Johann Matthias Schröckh (July 26, 1733 – August 1, 1808) was an Austrian-German historian and literary scholar born in Vienna. He was a grandson to Pietist preacher Matthias Bel (1684–1749).

In 1751 he began his studies at the University of Göttingen, where he had as instructors, church historian Johann Lorenz von Mosheim (1693–1755) and Orientalist Johann David Michaelis (1717–1791). He continued his education at the University of Leipzig, earning his master's degree in 1755. During the following year he received his habilitation, and in 1762 became an associate professor of philosophy. Later he relocated to the University of Wittenberg, where in 1775 he was appointed professor of history.

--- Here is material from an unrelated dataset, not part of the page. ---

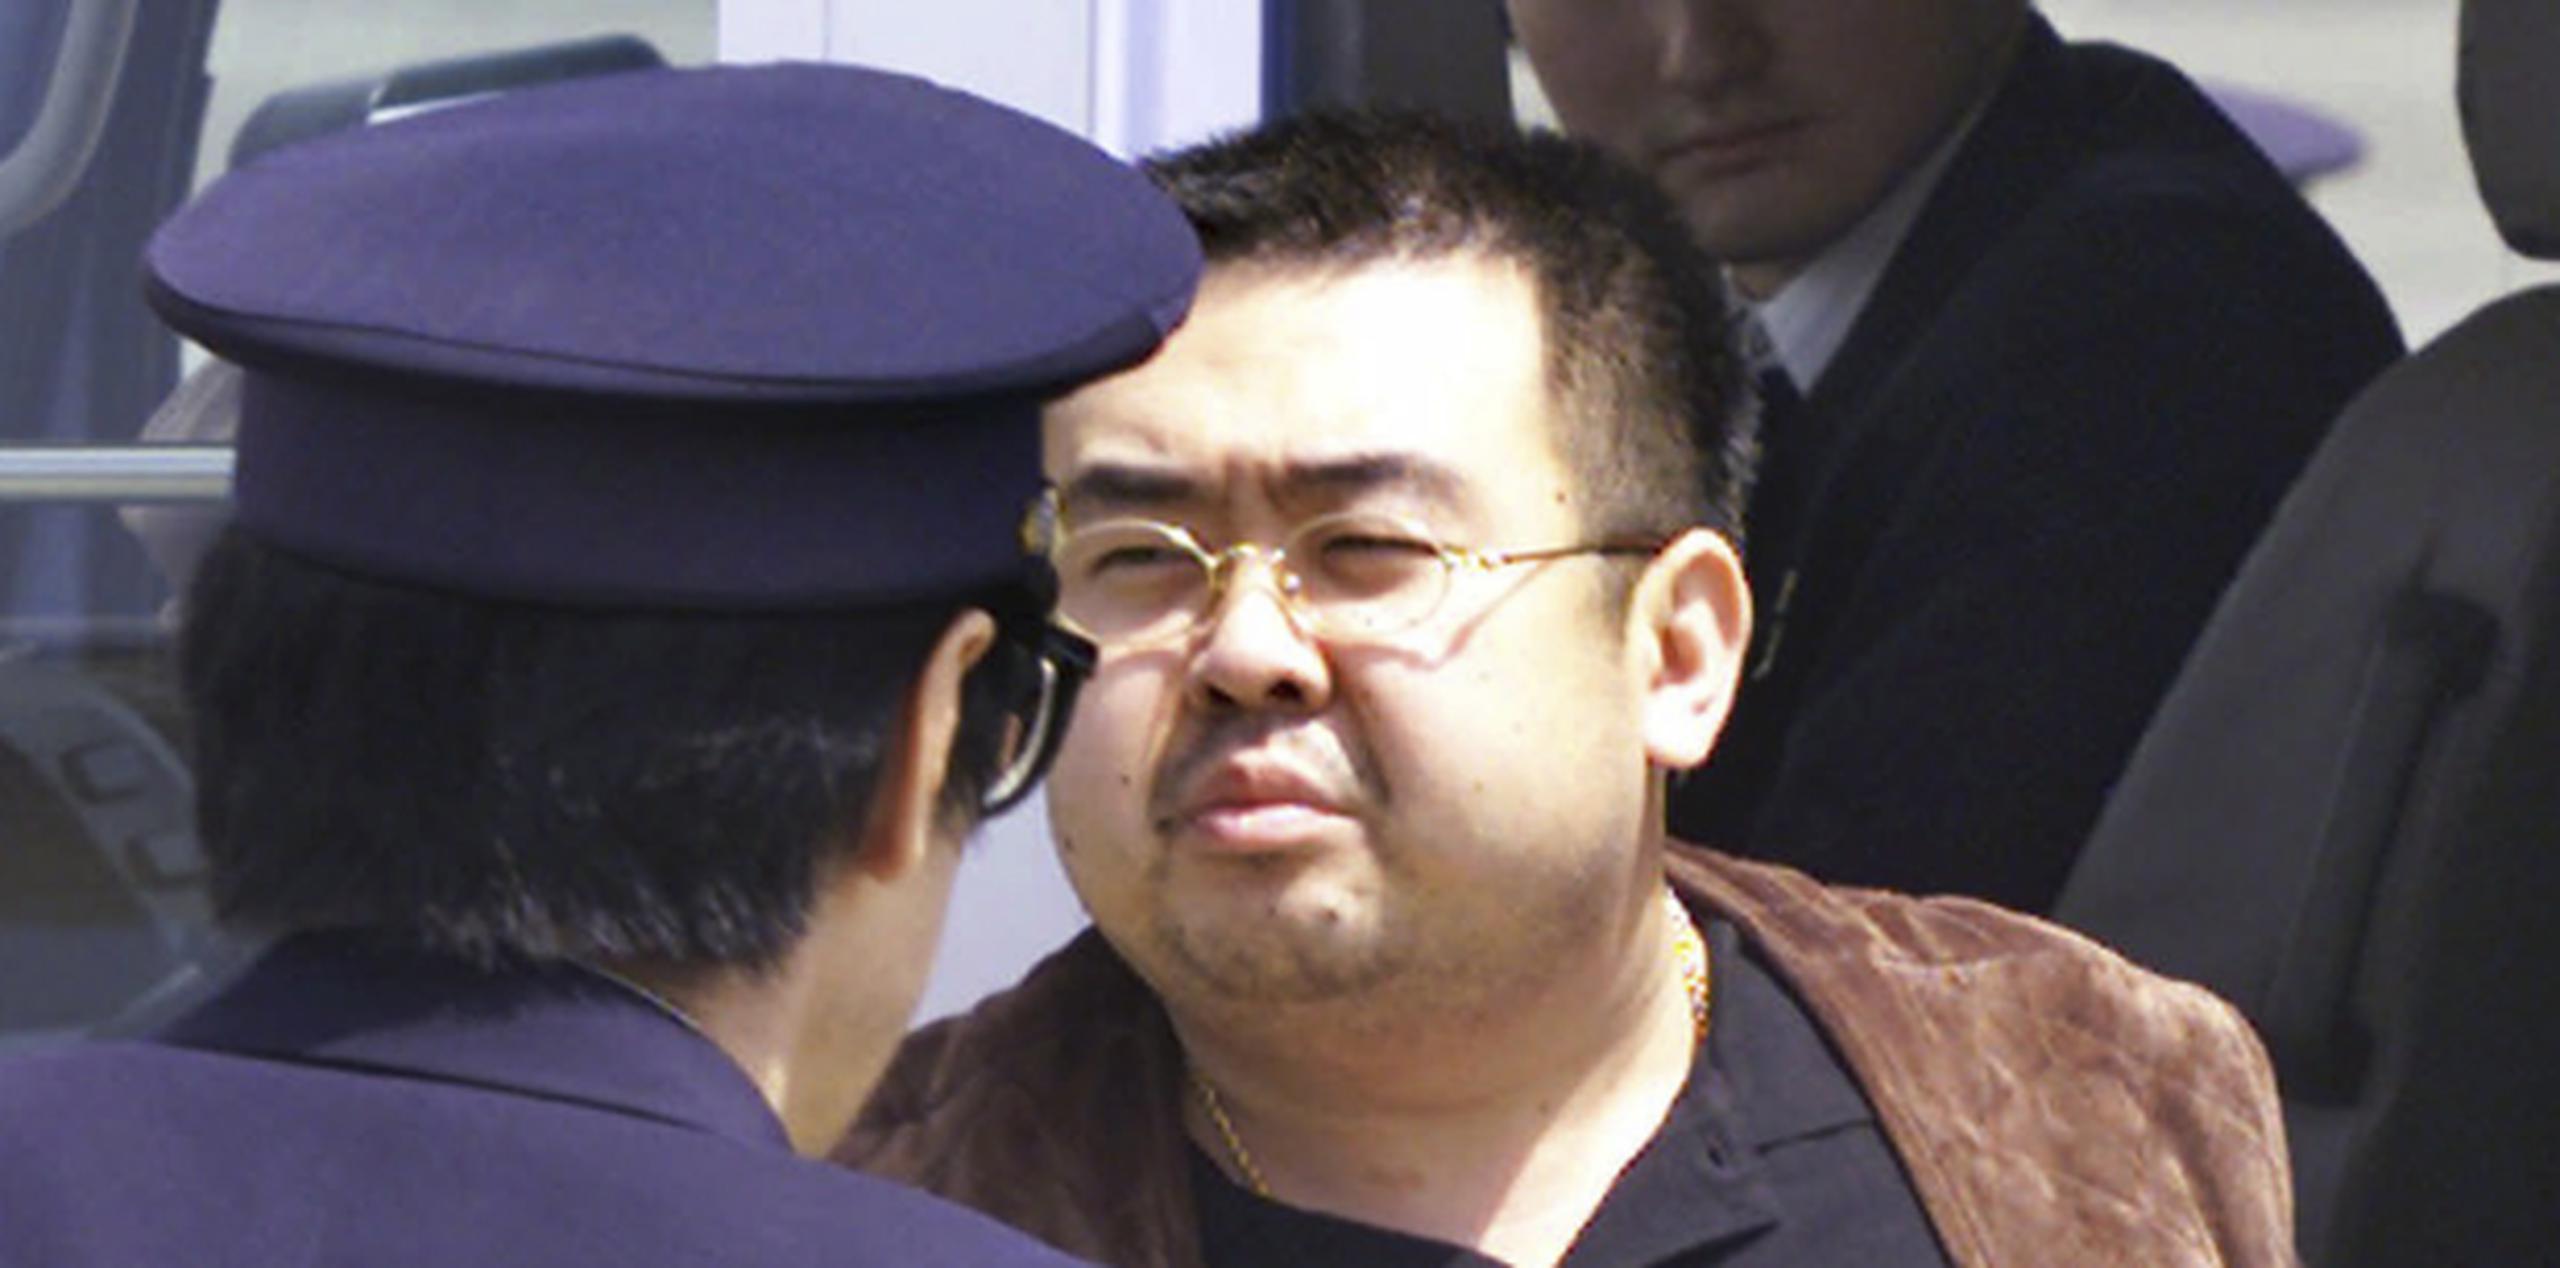 Aunque Kim Jong Nam no era una amenaza política clara para su hermano, podría haber sido considerado un rival potencial en la dictadura dinástica del país. (AP / Itsuo Inouye)

Known for his prodigious literary output, Schröckh was the author of acclaimed works involving universal history, church history, history books for children, biographical studies, et al. His main work involved the 35-volume Christliche Kirchengeschichte (Christian Church History, 1768–1803) and its sequel Christliche Kirchengeschichte seit der Reformation (Christian Church History since the Reformation 1804–1812, 10 volumes), with the last two volumes being prepared by Heinrich Gottlieb Tzschirner (1778–1828).

==Selected publications==
- Abbildungen und Lebensbeschreibungen berühmter Gelehrten (Images and biographies of famous scholars), 1764
- Lehrbuch der allgemeinen Weltgeschichte zum Gebrauche bei dem ersten Unterrichte der Jugend (Textbook of general world history for use as first lessons for young people), 1774
- Historia religionis et ecclesiae christianae, 1777
- Allgemeine Weltgeschichte für Kinder (General world history for children), 1779-1784
- Einleitung zur Universalhistorie: Umarbeitung von Hilmar Curas (Introduction of universal history: revision of Hilmar Curas), 1757
- Christliche Kirchengeschichte (Christian church history); 35 volumes, 1768–1803
- Christliche Kirchengeschichte seit der Reformation (Christian church history since the Reformation); with HG Tzschirner, 1804–1812.